Headd Jeffrey J, Immormino Robert M, Keedy Daniel A, Emsley Paul, Richardson David C, Richardson Jane S
Department of Biochemistry, Duke University Medical Center, 211 Nanaline Duke Building, 3711 DUMC, Durham, NC 27710, USA.
J Struct Funct Genomics. 2009 Mar;10(1):83-93. doi: 10.1007/s10969-008-9045-8. Epub 2008 Nov 11.
Misfit sidechains in protein crystal structures are a stumbling block in using those structures to direct further scientific inference. Problems due to surface disorder and poor electron density are very difficult to address, but a large class of systematic errors are quite common even in well-ordered regions, resulting in sidechains fit backwards into local density in predictable ways. The MolProbity web site is effective at diagnosing such errors, and can perform reliable automated correction of a few special cases such as 180 degrees flips of Asn or Gln sidechain amides, using all-atom contacts and H-bond networks. However, most at-risk residues involve tetrahedral geometry, and their valid correction requires rigorous evaluation of sidechain movement and sometimes backbone shift. The current work extends the benefits of robust automated correction to more sidechain types. The Autofix method identifies candidate systematic, flipped-over errors in Leu, Thr, Val, and Arg using MolProbity quality statistics, proposes a corrected position using real-space refinement with rotamer selection in Coot, and accepts or rejects the correction based on improvement in MolProbity criteria and on chi angle change. Criteria are chosen conservatively, after examining many individual results, to ensure valid correction. To test this method, Autofix was run and analyzed for 945 representative PDB files and on the 50S ribosomal subunit of file 1YHQ. Over 40% of Leu, Val, and Thr outliers and 15% of Arg outliers were successfully corrected, resulting in a total of 3,679 corrected sidechains, or 4 per structure on average. Summary Sentences: A common class of misfit sidechains in protein crystal structures is due to systematic errors that place the sidechain backwards into the local electron density. A fully automated method called "Autofix" identifies such errors for Leu, Val, Thr, and Arg and corrects over one third of them, using MolProbity validation criteria and Coot real-space refinement of rotamers.
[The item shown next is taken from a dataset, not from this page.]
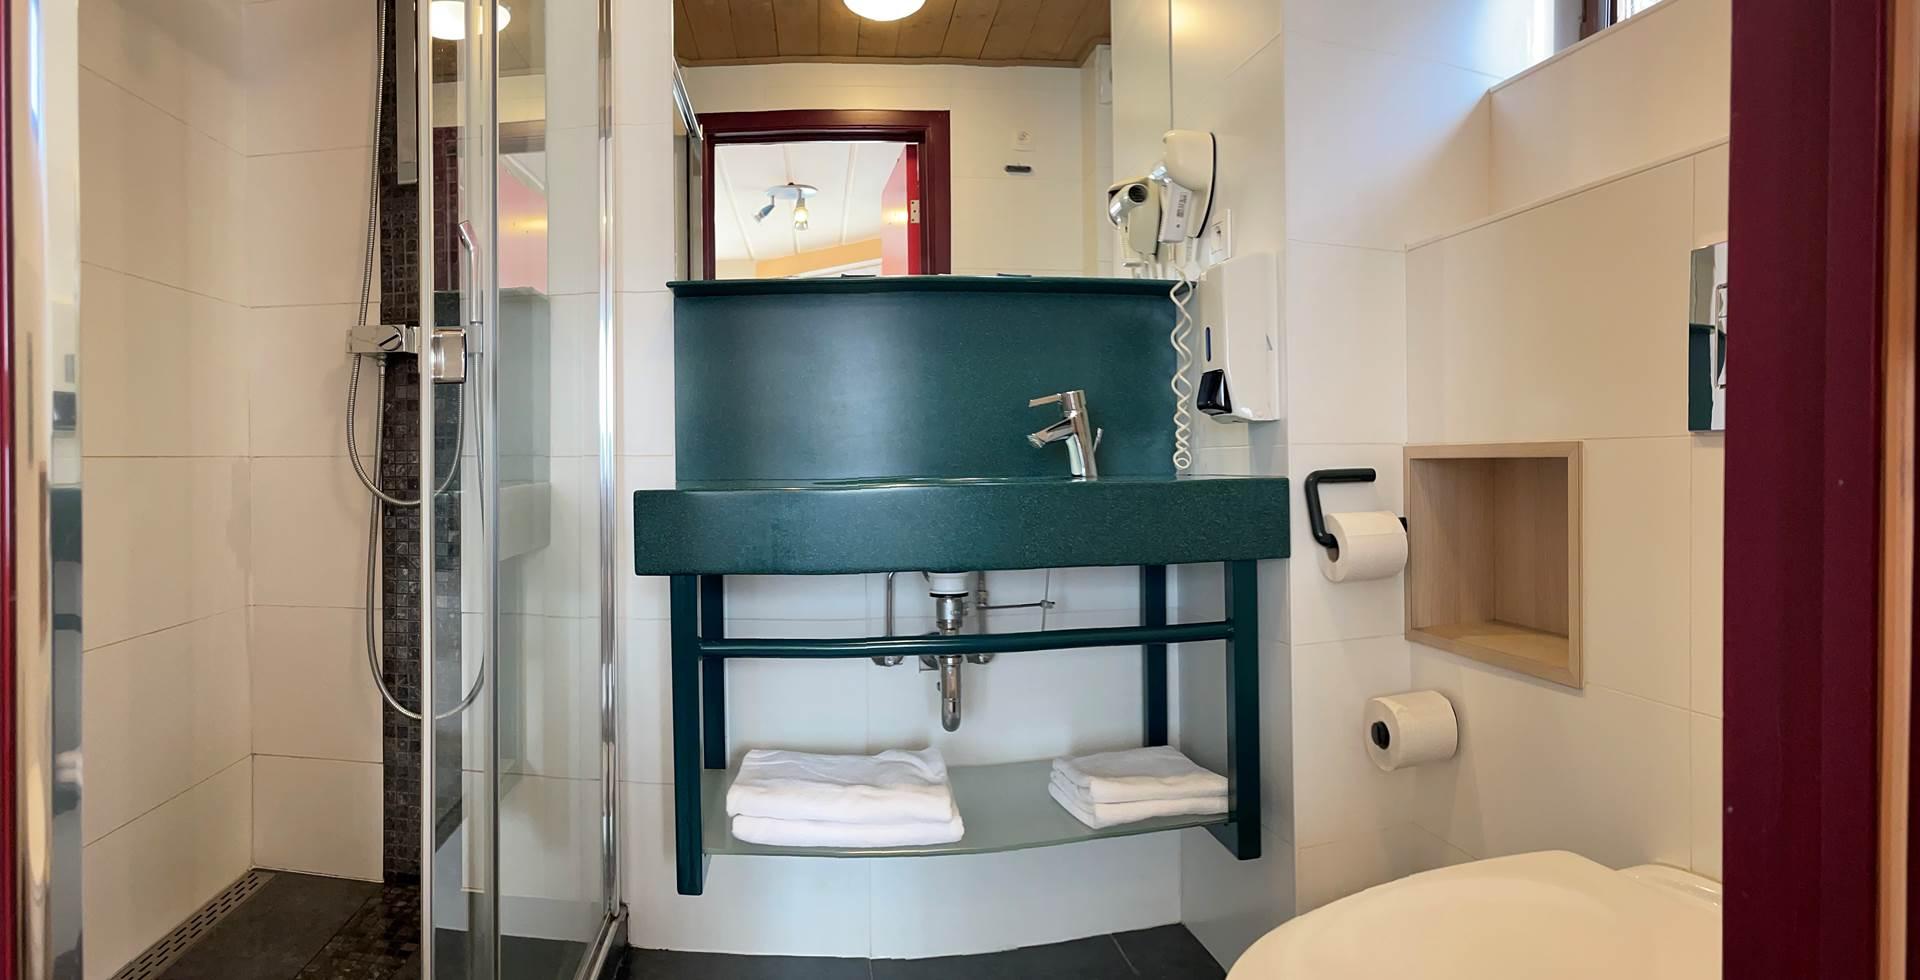 Salle de bain privative des Chambres 11 - 21 comprenant une belle douche Italienne, un lavabo, un sèche cheveux et toilettes
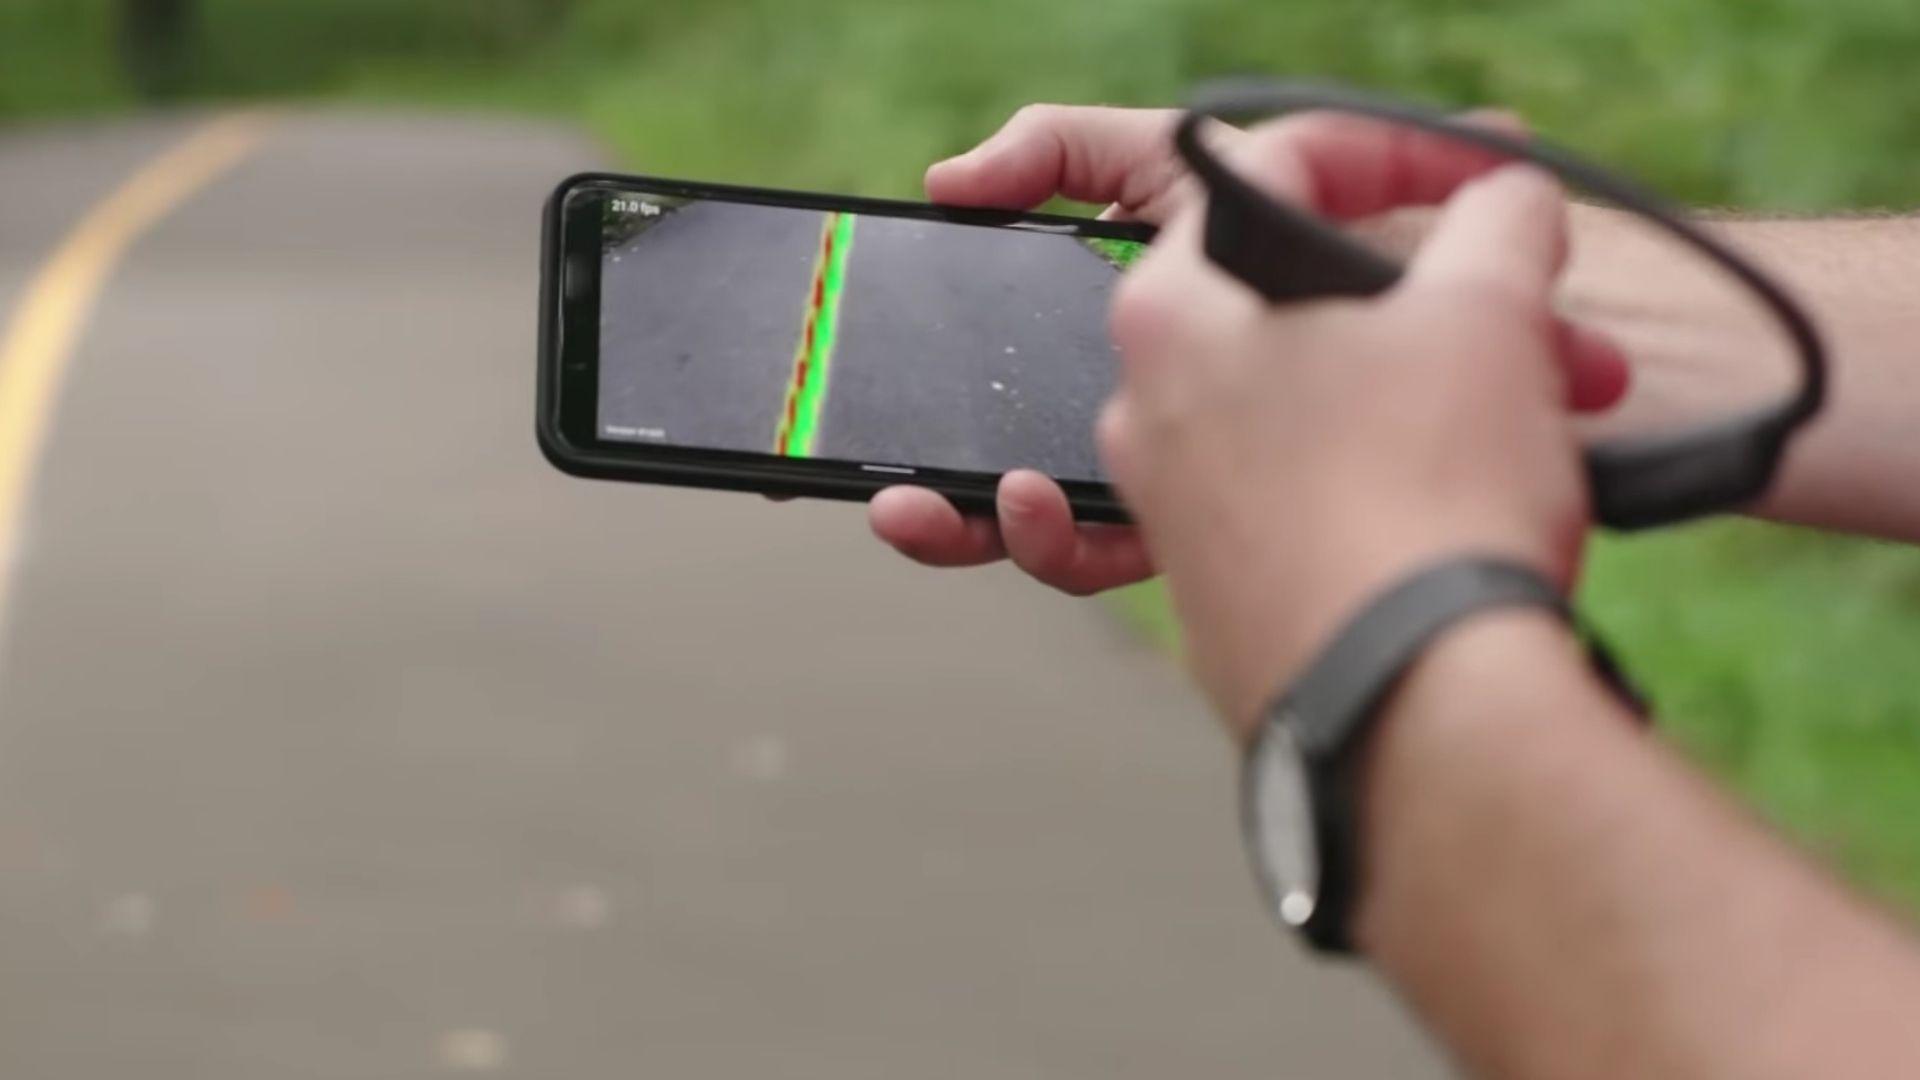 Investigadores de Google crearon un sistema de asistencia que ayuda a personas con discapacidad visual a correr, Cloud Pocket 365

蛋白质晶体结构中不匹配的侧链是利用这些结构进行进一步科学推断的绊脚石。由于表面无序和电子密度差导致的问题很难解决,但即使在有序区域,一大类系统误差也相当常见,导致侧链以可预测的方式反向拟合到局部密度中。MolProbity网站在诊断此类误差方面很有效,并且可以使用全原子接触和氢键网络对一些特殊情况(如天冬酰胺或谷氨酰胺侧链酰胺的180度翻转)进行可靠的自动校正。然而,大多数有风险的残基涉及四面体几何结构,对它们进行有效的校正需要对侧链移动以及有时对主链移动进行严格评估。当前的工作将强大的自动校正的益处扩展到更多的侧链类型。自动修复(Autofix)方法使用MolProbity质量统计数据识别亮氨酸、苏氨酸、缬氨酸和精氨酸中可能存在的系统性、翻转错误,使用Coot中带有旋转异构体选择的实空间精修提出校正位置,并根据MolProbity标准的改进情况和卡角变化接受或拒绝校正。在检查了许多单独的结果后,保守地选择标准以确保有效的校正。为了测试此方法,对945个代表性的蛋白质数据银行(PDB)文件以及文件1YHQ的50S核糖体亚基运行并分析了自动修复方法。超过40%的亮氨酸、缬氨酸和苏氨酸异常值以及15%的精氨酸异常值被成功校正,总共校正了3679个侧链,平均每个结构校正4个。总结句:蛋白质晶体结构中一类常见的不匹配侧链是由于系统误差导致侧链反向拟合到局部电子密度中。一种名为“自动修复”的全自动方法使用MolProbity验证标准和Coot对旋转异构体的实空间精修,识别亮氨酸、缬氨酸、苏氨酸和精氨酸中的此类错误,并校正其中超过三分之一的错误。